2015-12-21 20:34:21

by Oleksandr Natalenko

[permalink] [raw]
Subject: [REGRESSION] tcp/ipv4: kernel panic because of (possible) division by zero

Commit 3759824da87b30ce7a35b4873b62b0ba38905ef5 (tcp: PRR uses CRB mode by
default and SS mode conditionally) introduced changes to net/ipv4/tcp_input.c
tcp_cwnd_reduction() that, possibly, cause division by zero, and therefore,
kernel panic in interrupt handler [1].

Reverting 3759824da87b30ce7a35b4873b62b0ba38905ef5 seems to fix the issue.

I'm able to reproduce the issue on 4.3.0–4.3.3 once per several day
(occasionally).

What could be done to help in debugging this issue?

Regards,
Oleksandr.

[1] http://i.piccy.info/
i9/6f5cb187c4ff282d189f78c63f95af43/1450729403/283985/951663/panic.jpg


2015-12-22 02:11:18

by Yuchung Cheng

[permalink] [raw]
Subject: Re: [REGRESSION] tcp/ipv4: kernel panic because of (possible) division by zero

On Mon, Dec 21, 2015 at 12:25 PM, Oleksandr Natalenko
<[email protected]> wrote:
> Commit 3759824da87b30ce7a35b4873b62b0ba38905ef5 (tcp: PRR uses CRB mode by
> default and SS mode conditionally) introduced changes to net/ipv4/tcp_input.c
> tcp_cwnd_reduction() that, possibly, cause division by zero, and therefore,
> kernel panic in interrupt handler [1].
>
> Reverting 3759824da87b30ce7a35b4873b62b0ba38905ef5 seems to fix the issue.
>
> I'm able to reproduce the issue on 4.3.0–4.3.3 once per several day
> (occasionally).
>
> What could be done to help in debugging this issue?
Do you have ECN enabled (i.e. sysctl net.ipv4.tcp_ecn > 0)?

If so I suspect an ACK carrying ECE during CA_Loss causes entering CWR
state w/o calling tcp_init_cwnd_reduct() to set tp->prior_cwnd.
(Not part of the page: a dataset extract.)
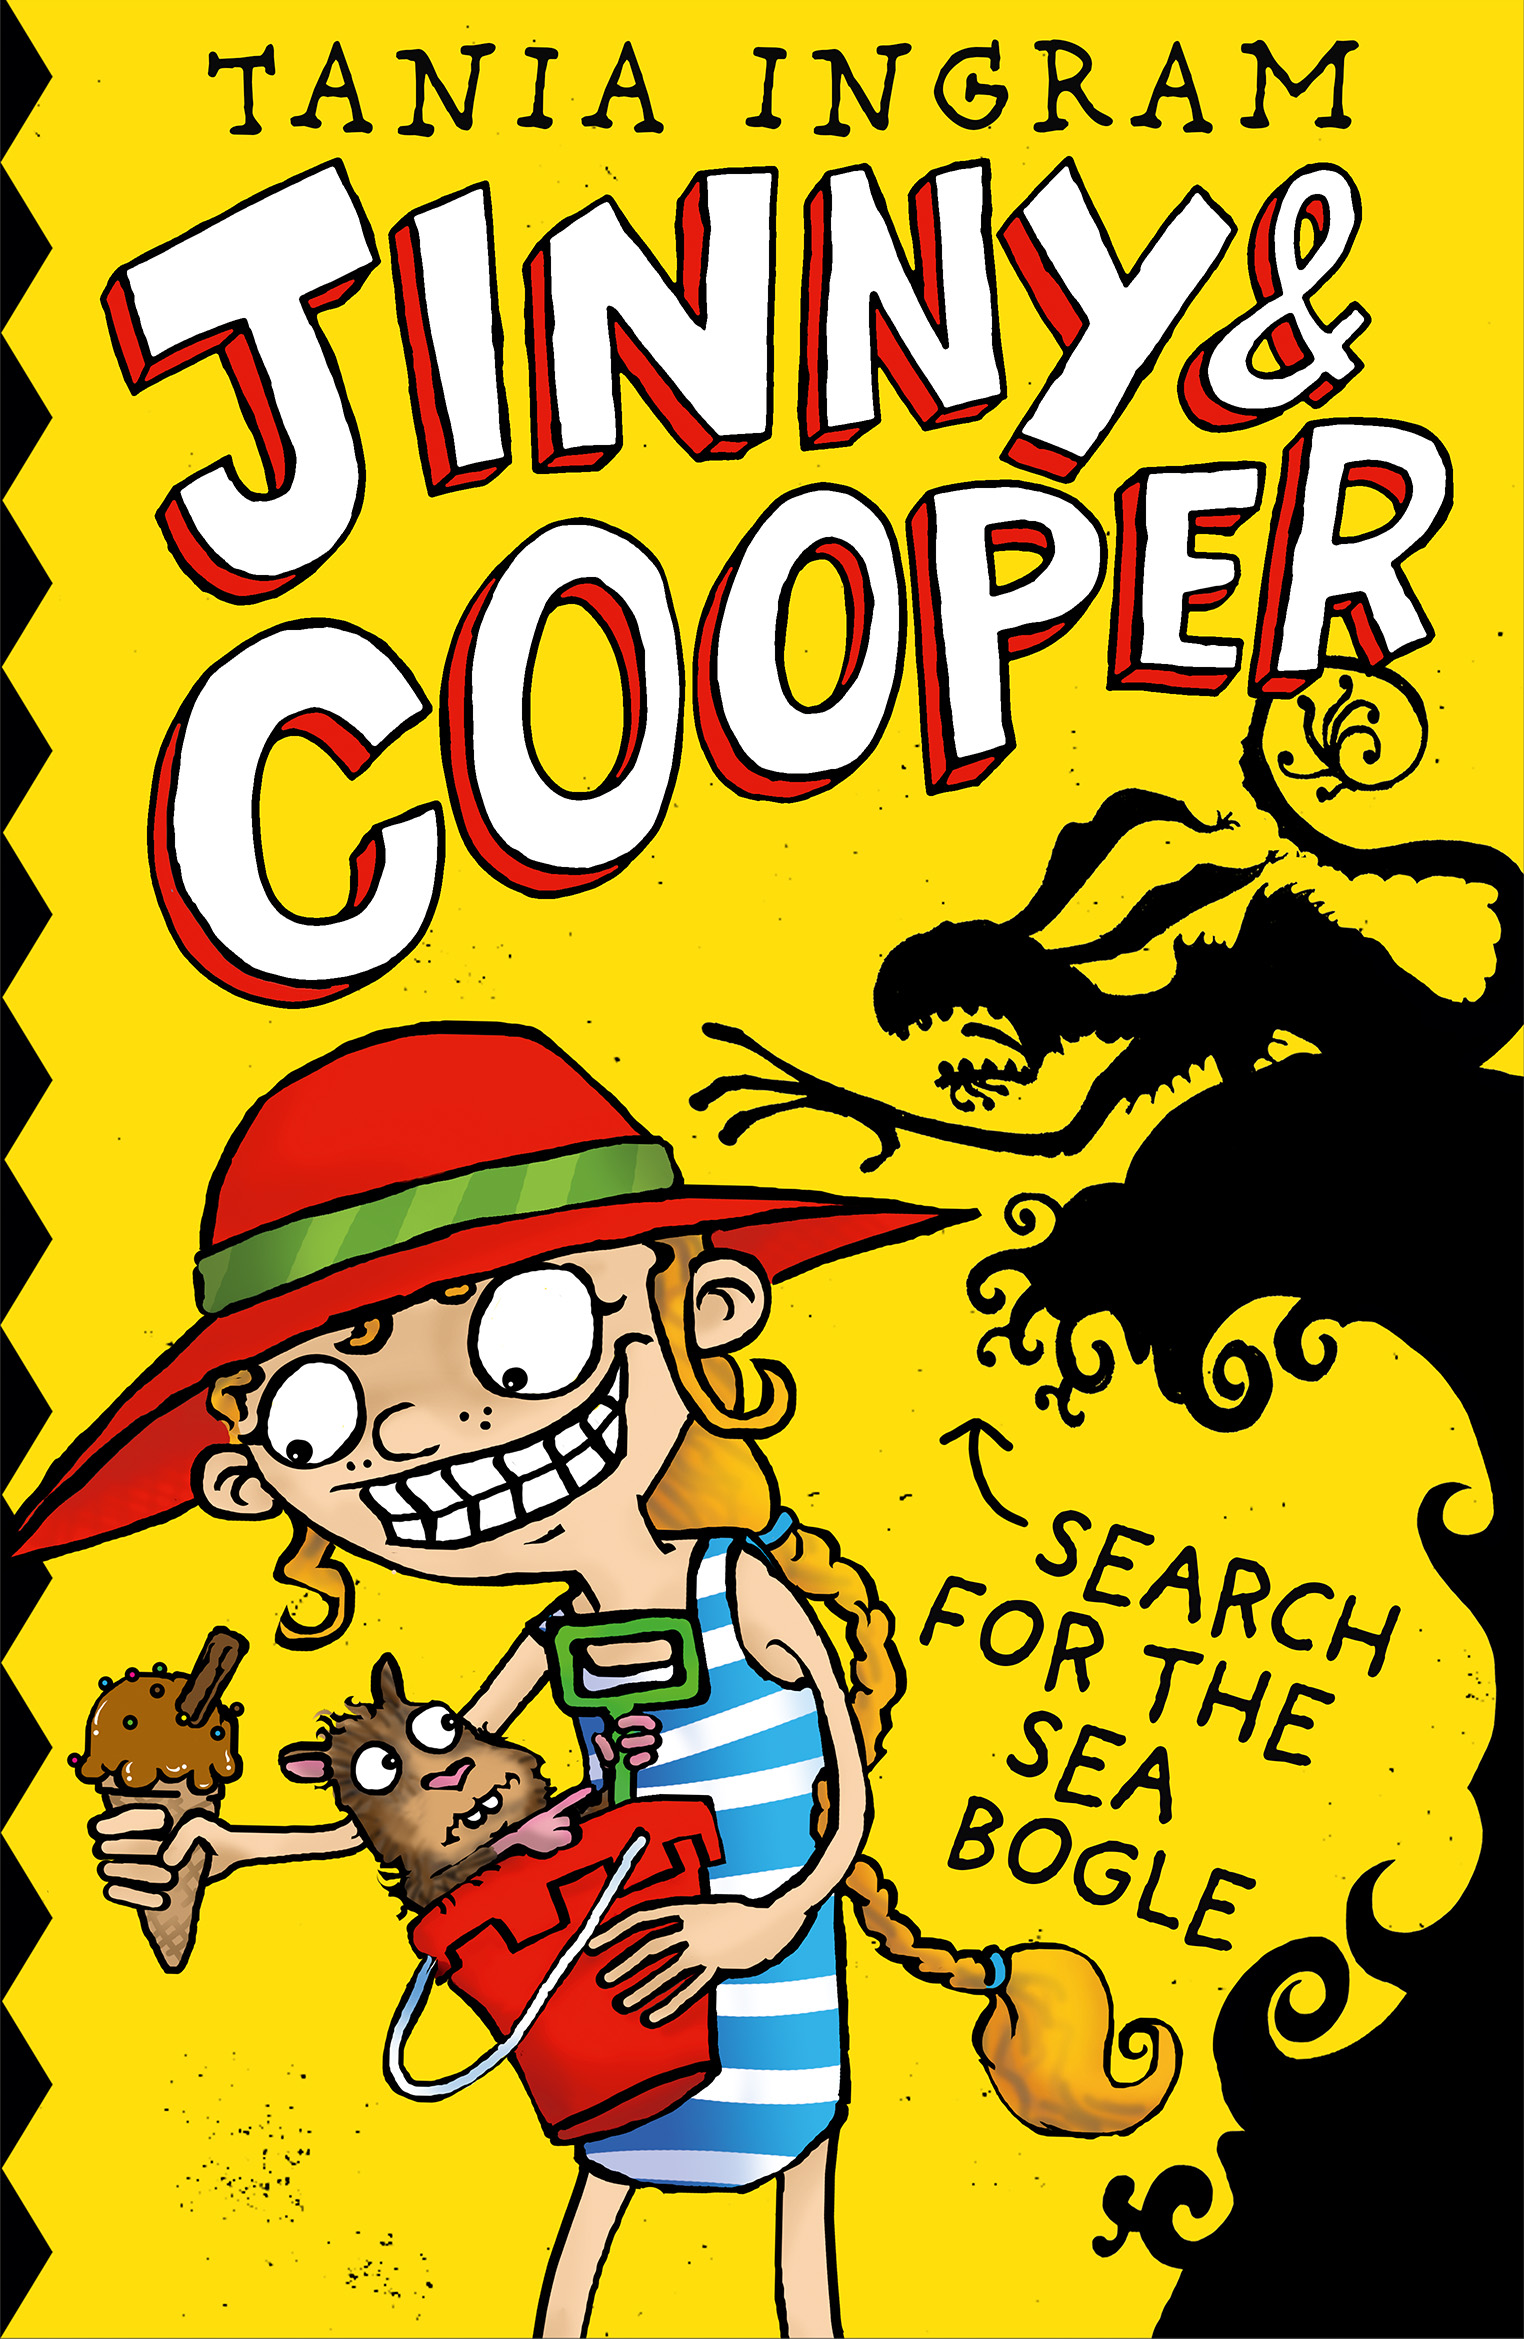 Jinny-Cooper-Search-For-The-Sea-Bogle.jpg

Can
you try this debug / quick-fix patch and send me the error message if
any?


>
> Regards,
> Oleksandr.
>
> [1] http://i.piccy.info/
> i9/6f5cb187c4ff282d189f78c63f95af43/1450729403/283985/951663/panic.jpg


Attachments:
0001-tcp-debug-tcp_cwnd_reduction-div0.patch (1.32 kB)

2015-12-22 20:13:42

by Oleksandr Natalenko

[permalink] [raw]
Subject: Re: [REGRESSION] tcp/ipv4: kernel panic because of (possible) division by zero

That is correct, I have net.ipv4.tcp_ecn set to 1.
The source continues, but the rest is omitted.